Re: [PATCH v2 2/6] futex: Use RCU-based per-CPU reference counting instead of rcuref_t

From: André Draszik
Date: Wed Jul 30 2025 - 08:23:20 EST


On Thu, 2025-07-10 at 13:00 +0200, Sebastian Andrzej Siewior wrote:
> From: Peter Zijlstra <peterz@xxxxxxxxxxxxx>
>
> The use of rcuref_t for reference counting introduces a performance bottleneck
> when accessed concurrently by multiple threads during futex operations.
>
> Replace rcuref_t with special crafted per-CPU reference counters. The
> lifetime logic remains the same.
>
> The newly allocate private hash starts in FR_PERCPU state. In this state, each
> futex operation that requires the private hash uses a per-CPU counter (an
> unsigned int) for incrementing or decrementing the reference count.
>
> When the private hash is about to be replaced, the per-CPU counters are
> migrated to a atomic_t counter mm_struct::futex_atomic.
> The migration process:
> - Waiting for one RCU grace period to ensure all users observe the
>   current private hash. This can be skipped if a grace period elapsed
>   since the private hash was assigned.
>
> - futex_private_hash::state is set to FR_ATOMIC, forcing all users to
>   use mm_struct::futex_atomic for reference counting.
>
> - After a RCU grace period, all users are guaranteed to be using the
>   atomic counter. The per-CPU counters can now be summed up and added to
>   the atomic_t counter. If the resulting count is zero, the hash can be
>   safely replaced. Otherwise, active users still hold a valid reference.
>
> - Once the atomic reference count drops to zero, the next futex
>   operation will switch to the new private hash.
>
> call_rcu_hurry() is used to speed up transition which otherwise might be
> delay with RCU_LAZY. There is nothing wrong with using call_rcu(). The
> side effects would be that on auto scaling the new hash is used later
> and the SET_SLOTS prctl() will block longer.
>
> [bigeasy: commit description + mm get/ put_async]

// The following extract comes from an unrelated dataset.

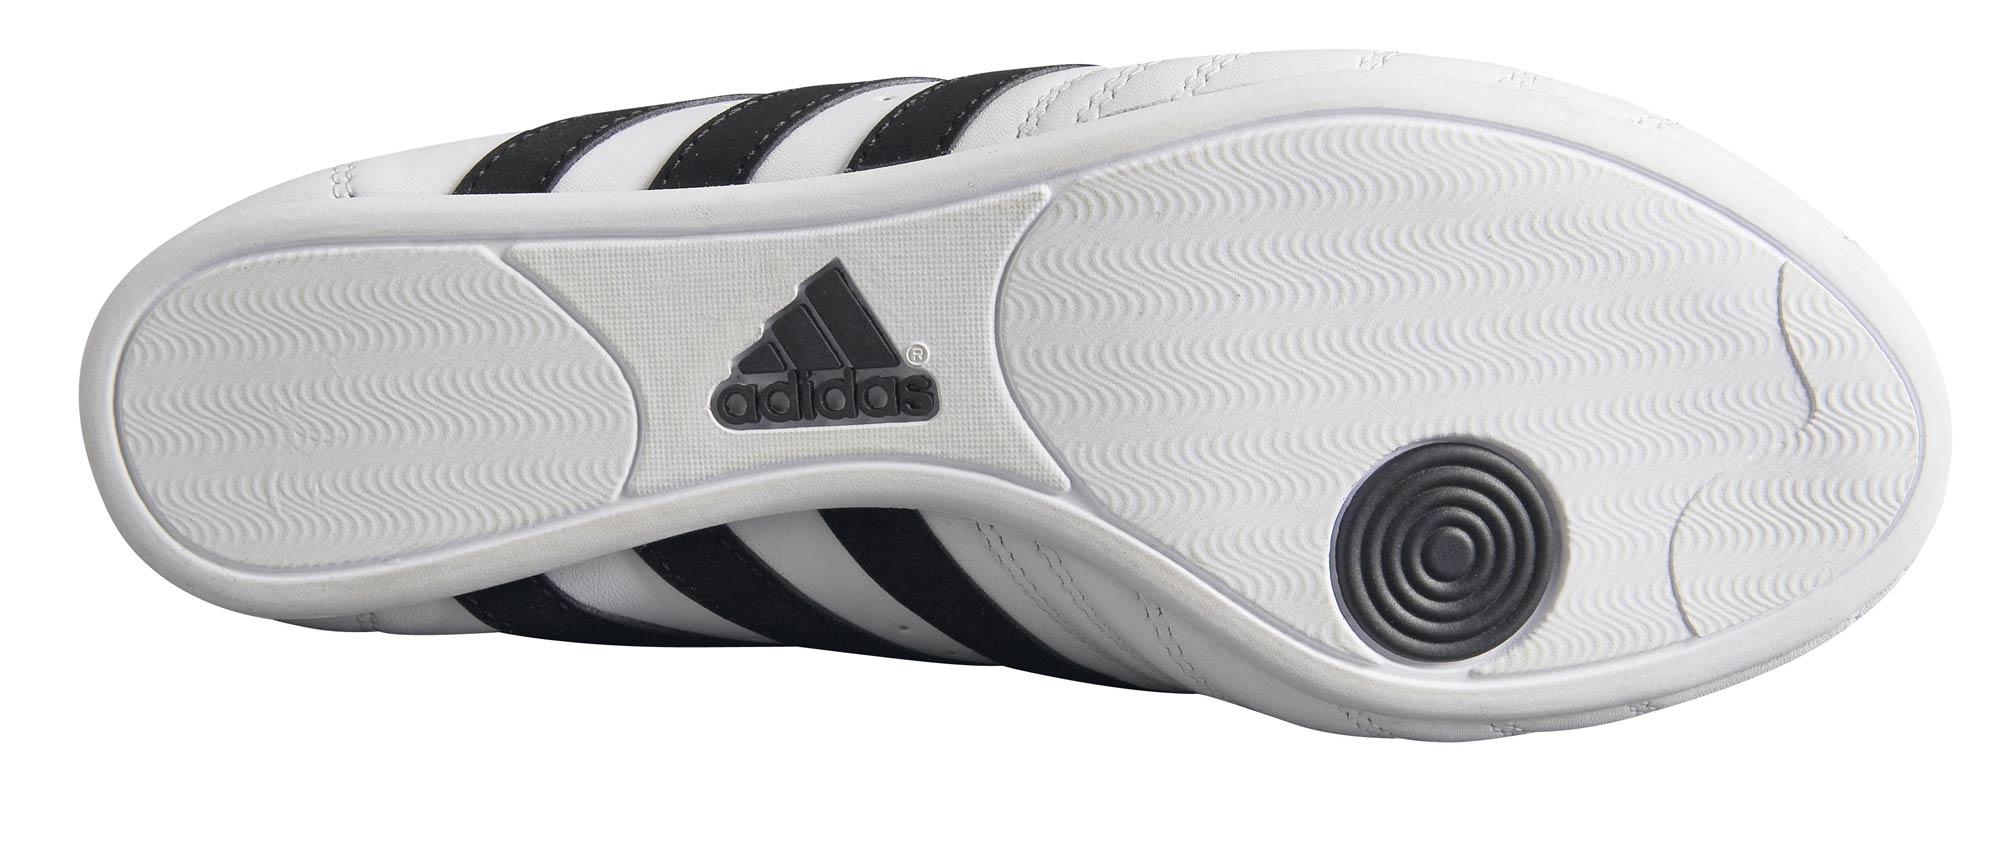 Rabatt adidas Kampfsport Schuhe SM II liefert adidas

kmemleak complains about a new memleak with this commit:

[ 680.179004][ T101] kmemleak: 1 new suspected memory leaks (see /sys/kernel/debug/kmemleak)

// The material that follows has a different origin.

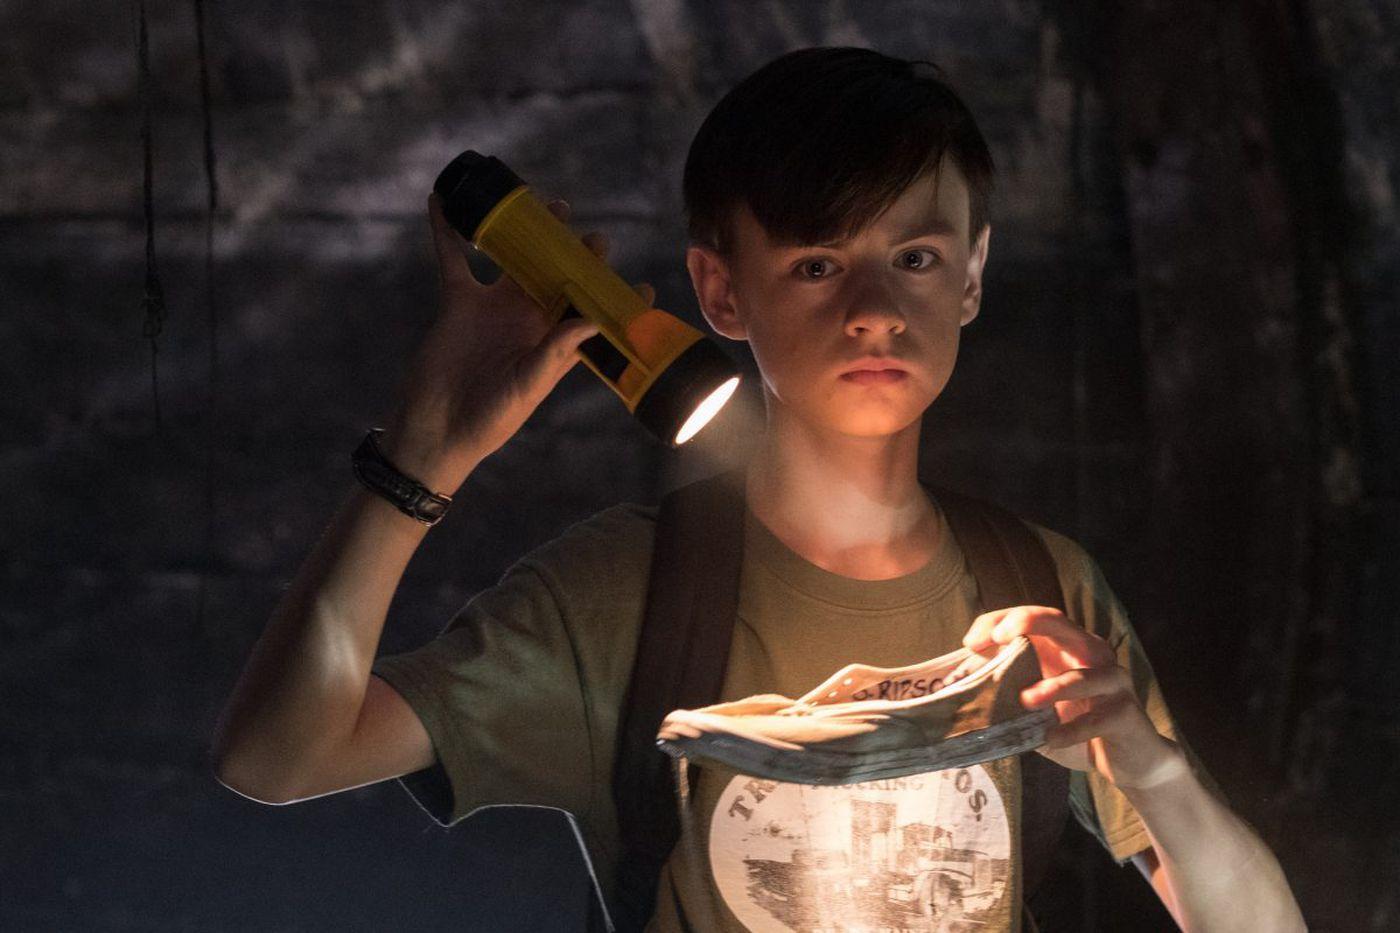 Philly native Jaeden Lieberher stars in killer clown movie 'It'

$ cat /sys/kernel/debug/kmemleak
unreferenced object (percpu) 0xc22ec0eface8 (size 4):
comm "swapper/0", pid 1, jiffies 4294893115
hex dump (first 4 bytes on cpu 7):
01 00 00 00 ....
backtrace (crc b8bc6765):
kmemleak_alloc_percpu+0x48/0xb8
pcpu_alloc_noprof+0x6ac/0xb68
futex_mm_init+0x60/0xe0
mm_init+0x1e8/0x3c0
mm_alloc+0x5c/0x78
init_args+0x74/0x4b0
debug_vm_pgtable+0x60/0x2d8
do_one_initcall+0x128/0x3e0
do_initcall_level+0xb4/0xe8
do_initcalls+0x60/0xb0
do_basic_setup+0x28/0x40
kernel_init_freeable+0x158/0x1f8
kernel_init+0x2c/0x1e0
ret_from_fork+0x10/0x20

And futex_mm_init+0x60/0xe0 resolves to
mm->futex_ref = alloc_percpu(unsigned int);
in futex_mm_init().

Reverting this commit (and patches 3 and 4 in this series due to context),
makes kmemleak happy again.

Cheers,
Andre'